* [Exercise materials]
----

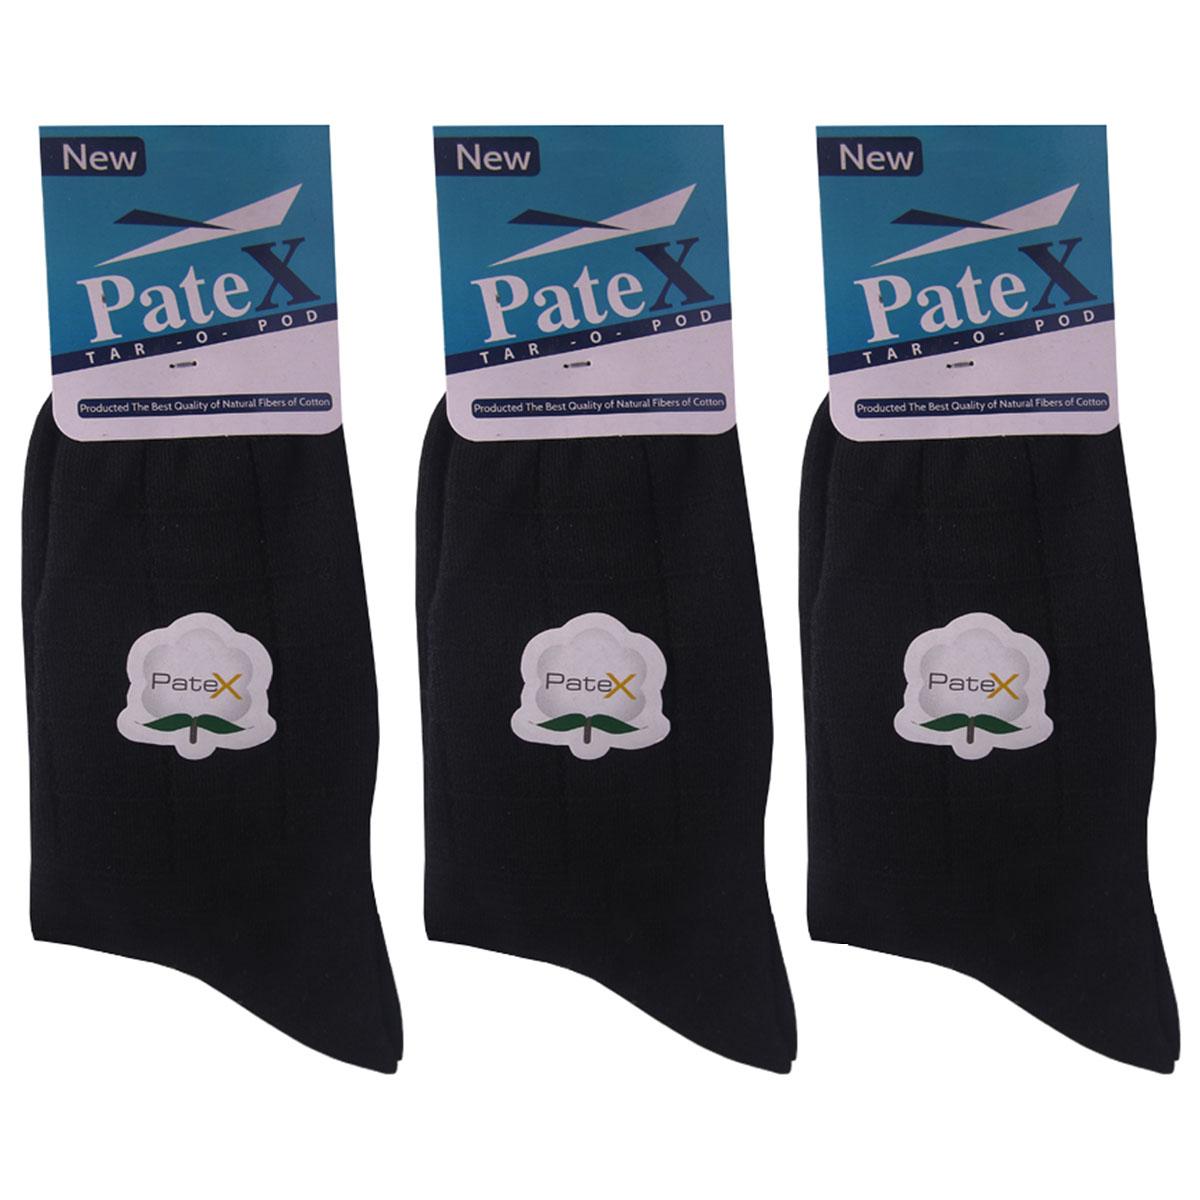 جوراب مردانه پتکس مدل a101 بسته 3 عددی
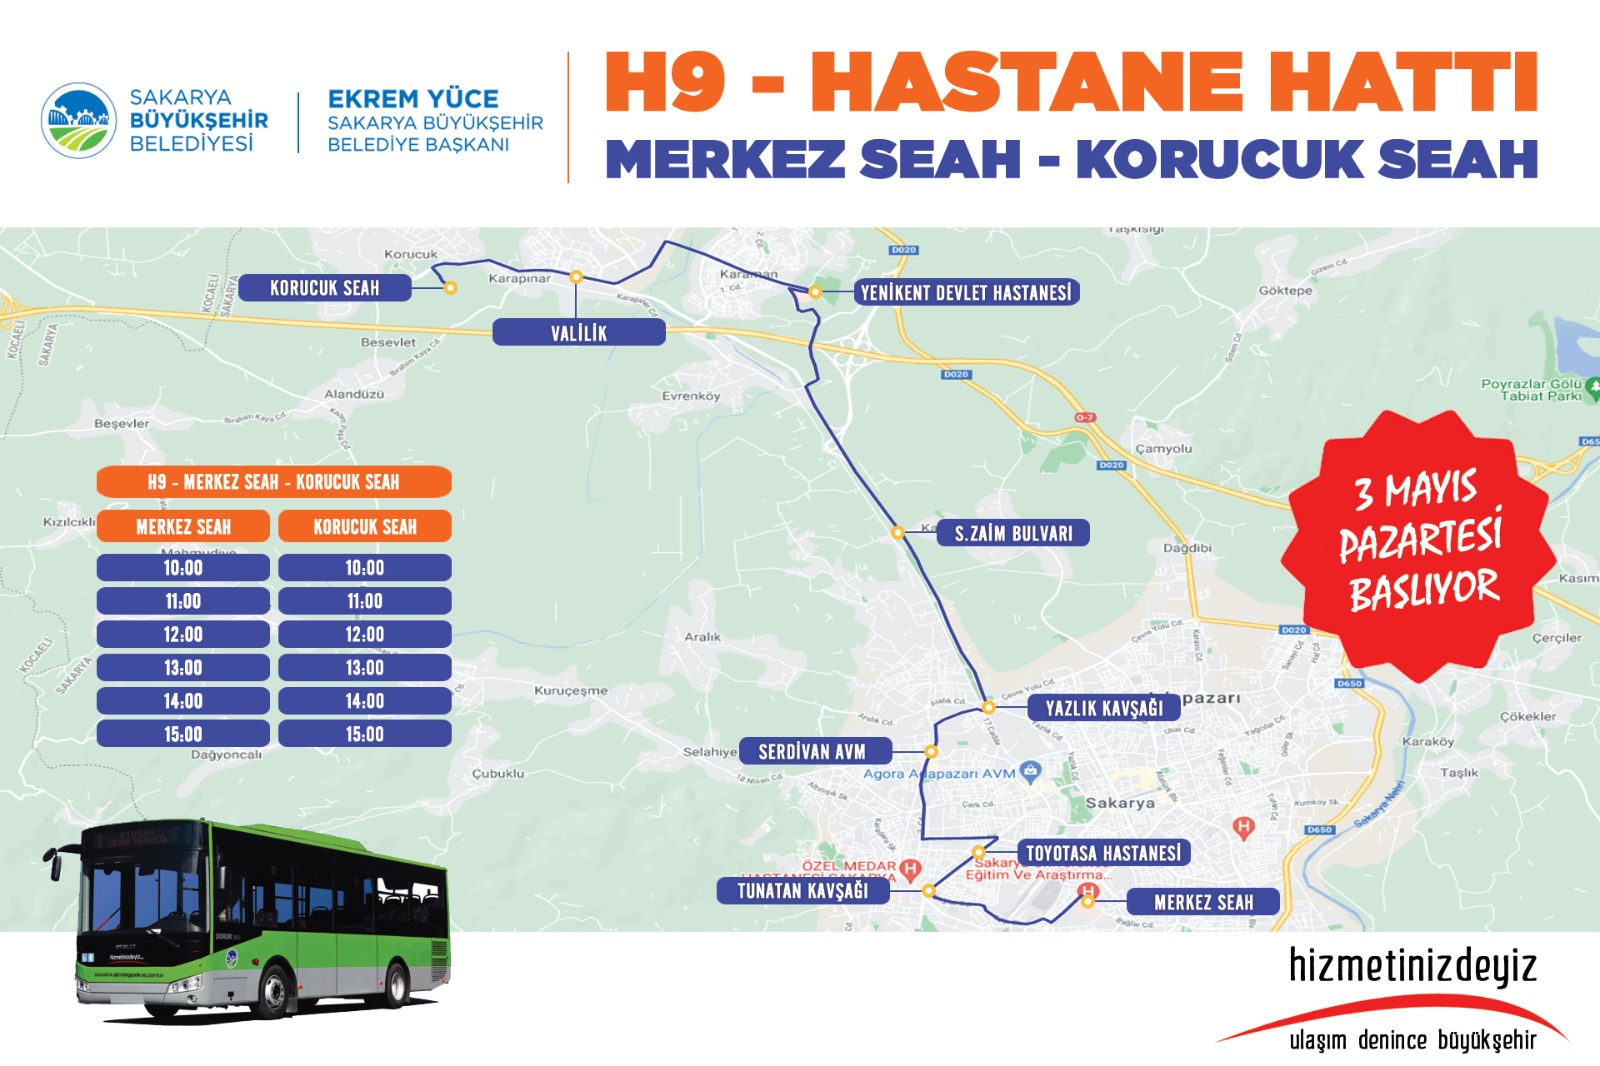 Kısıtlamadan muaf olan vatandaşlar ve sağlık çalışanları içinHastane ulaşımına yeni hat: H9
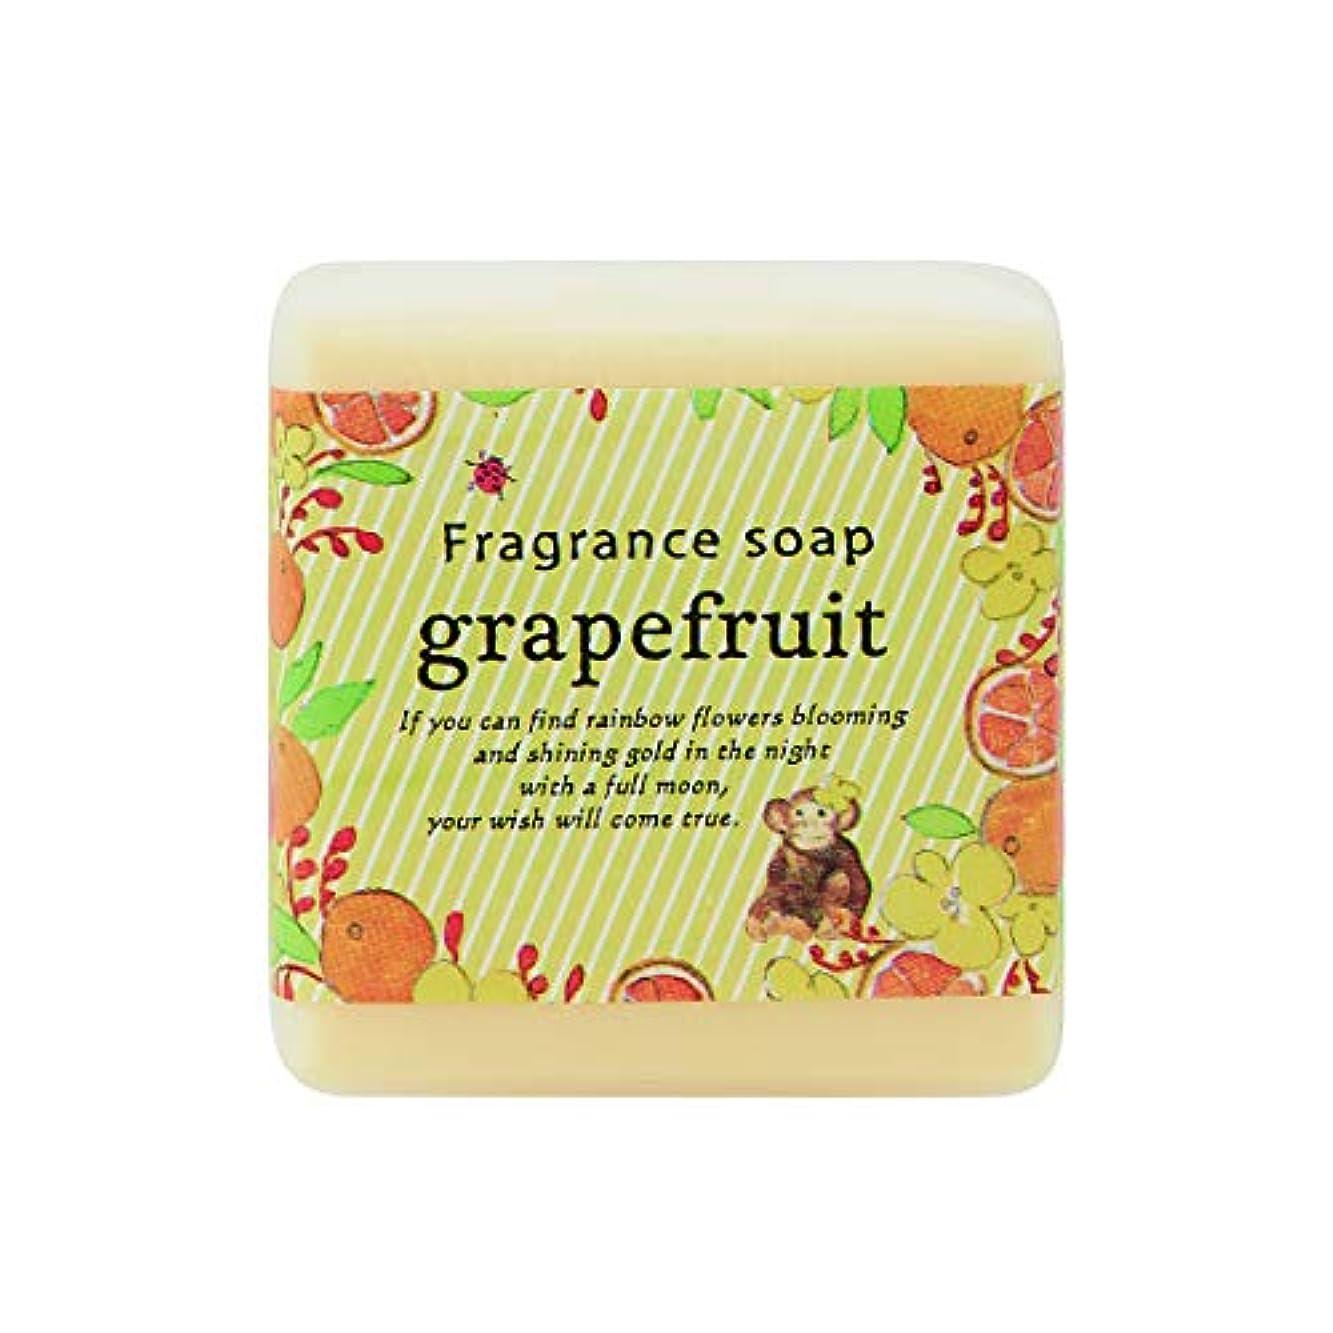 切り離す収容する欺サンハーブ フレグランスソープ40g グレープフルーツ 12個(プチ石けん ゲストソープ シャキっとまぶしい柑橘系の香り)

----

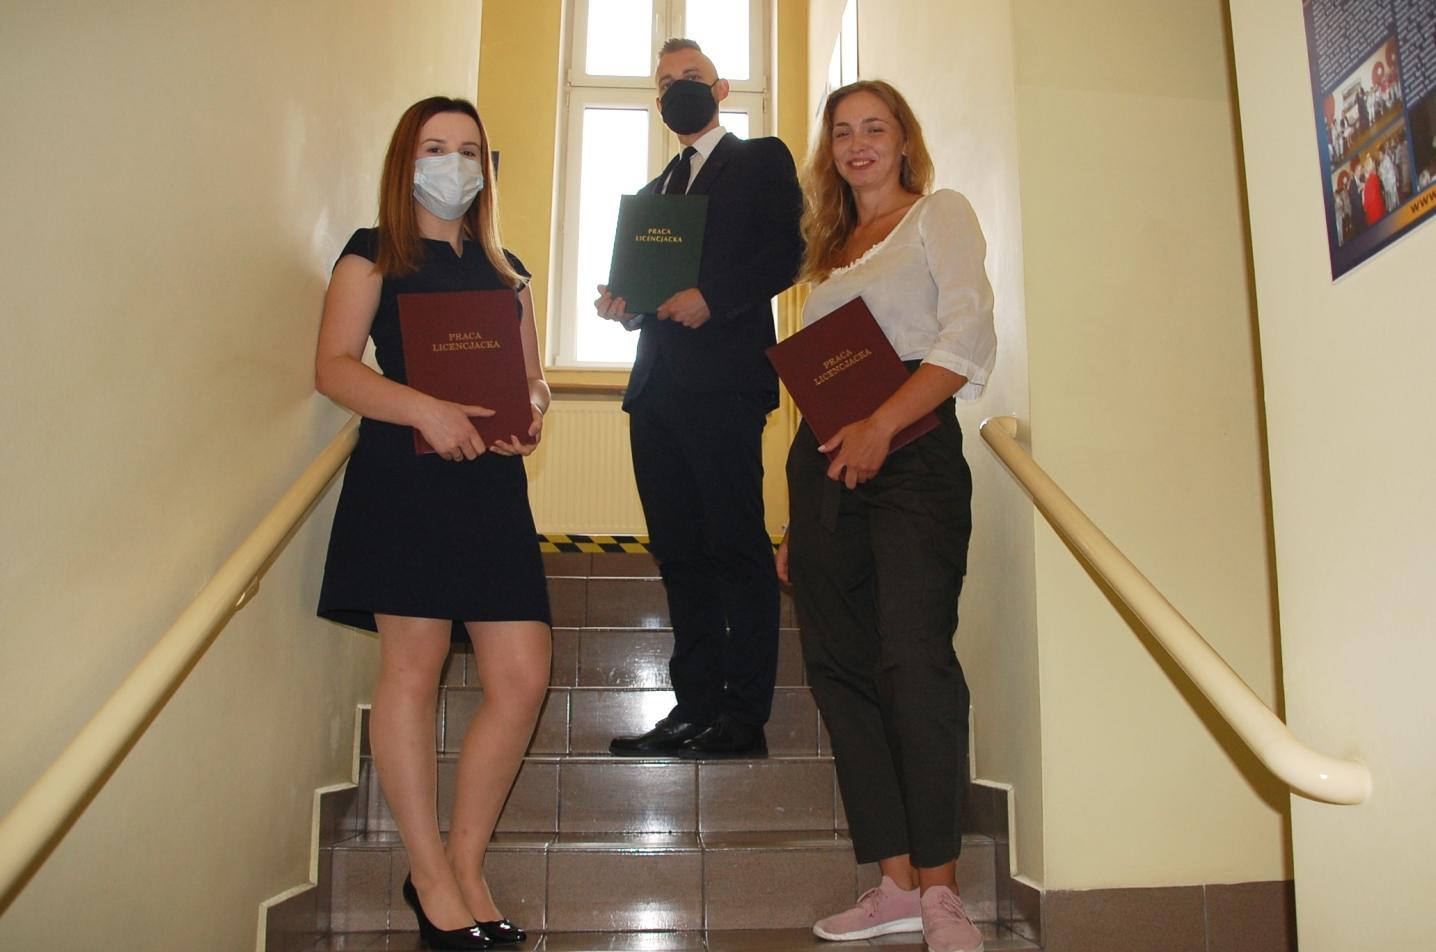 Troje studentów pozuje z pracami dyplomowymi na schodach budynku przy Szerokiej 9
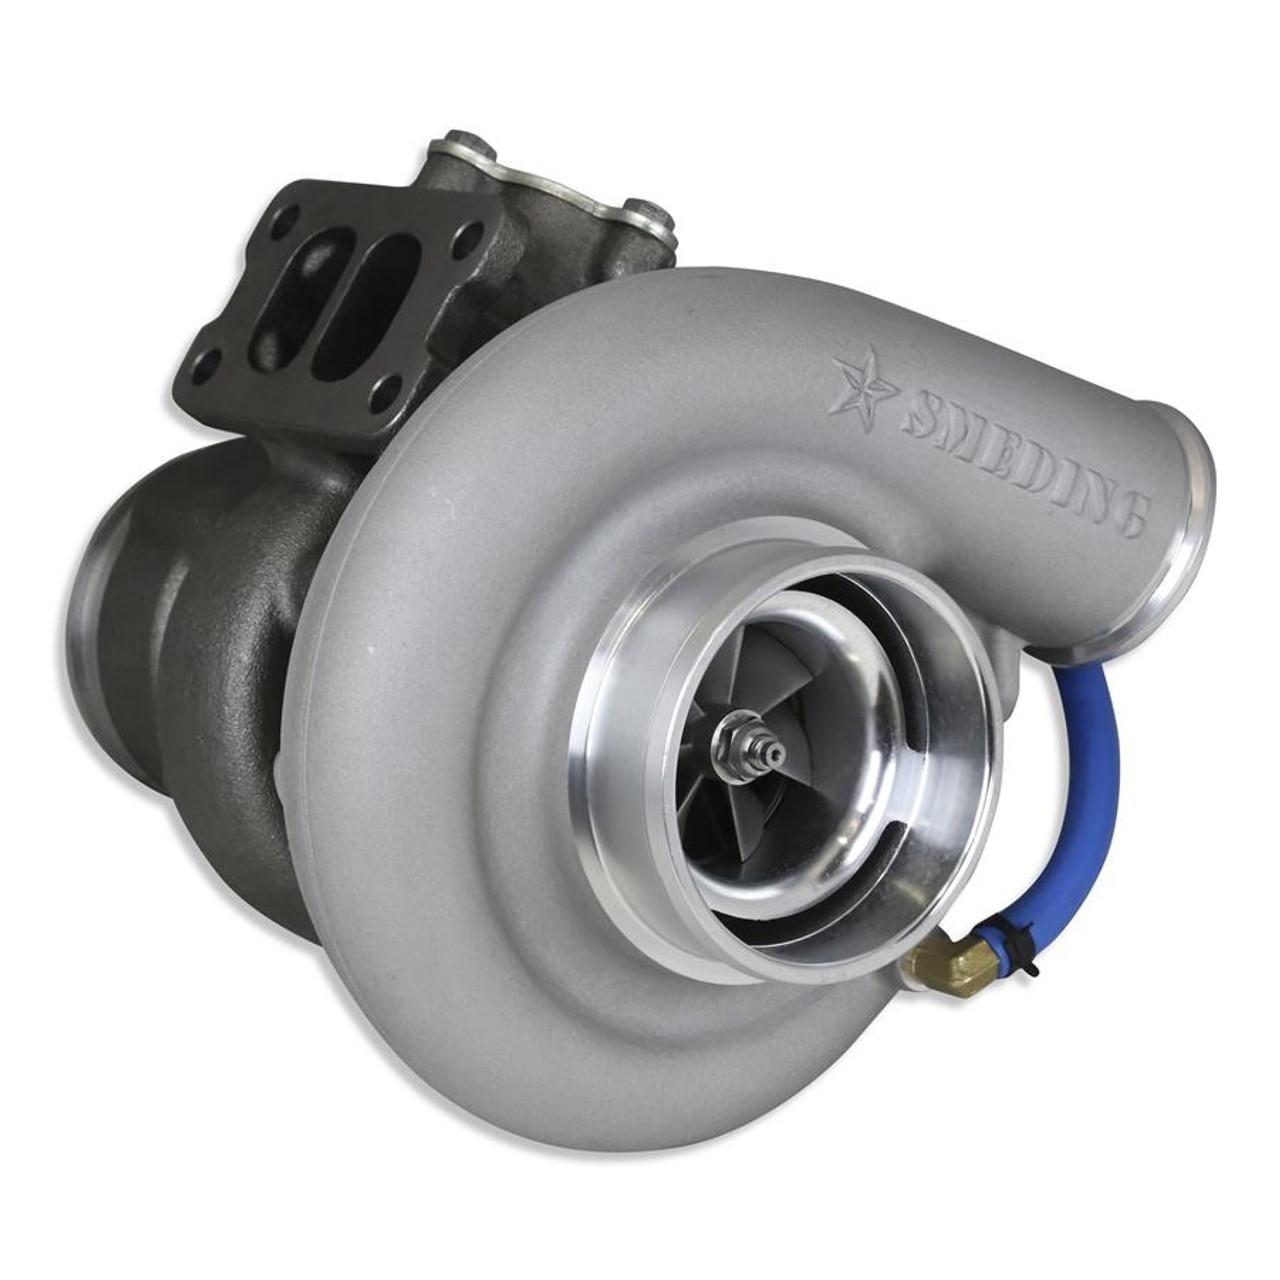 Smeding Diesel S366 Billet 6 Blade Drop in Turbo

----

* [Prompt]
Taking the material above, give again exactly the lines from the one holding "جوراب مردانه پتکس مدل a101 بسته 3 عددی" through the one holding "切り離す収容する欺サンハーブ フレグランスソープ40g グレープフルーツ", with both ends and without pictures.

* [Exercise output]
 جوراب مردانه پتکس مدل a101 بسته 3 عددی
 Kısıtlamadan muaf olan vatandaşlar ve sağlık çalışanları içinHastane ulaşımına yeni hat: H9
 切り離す収容する欺サンハーブ フレグランスソープ40g グレープフルーツ 12個(プチ石けん ゲストソープ シャキっとまぶしい柑橘系の香り)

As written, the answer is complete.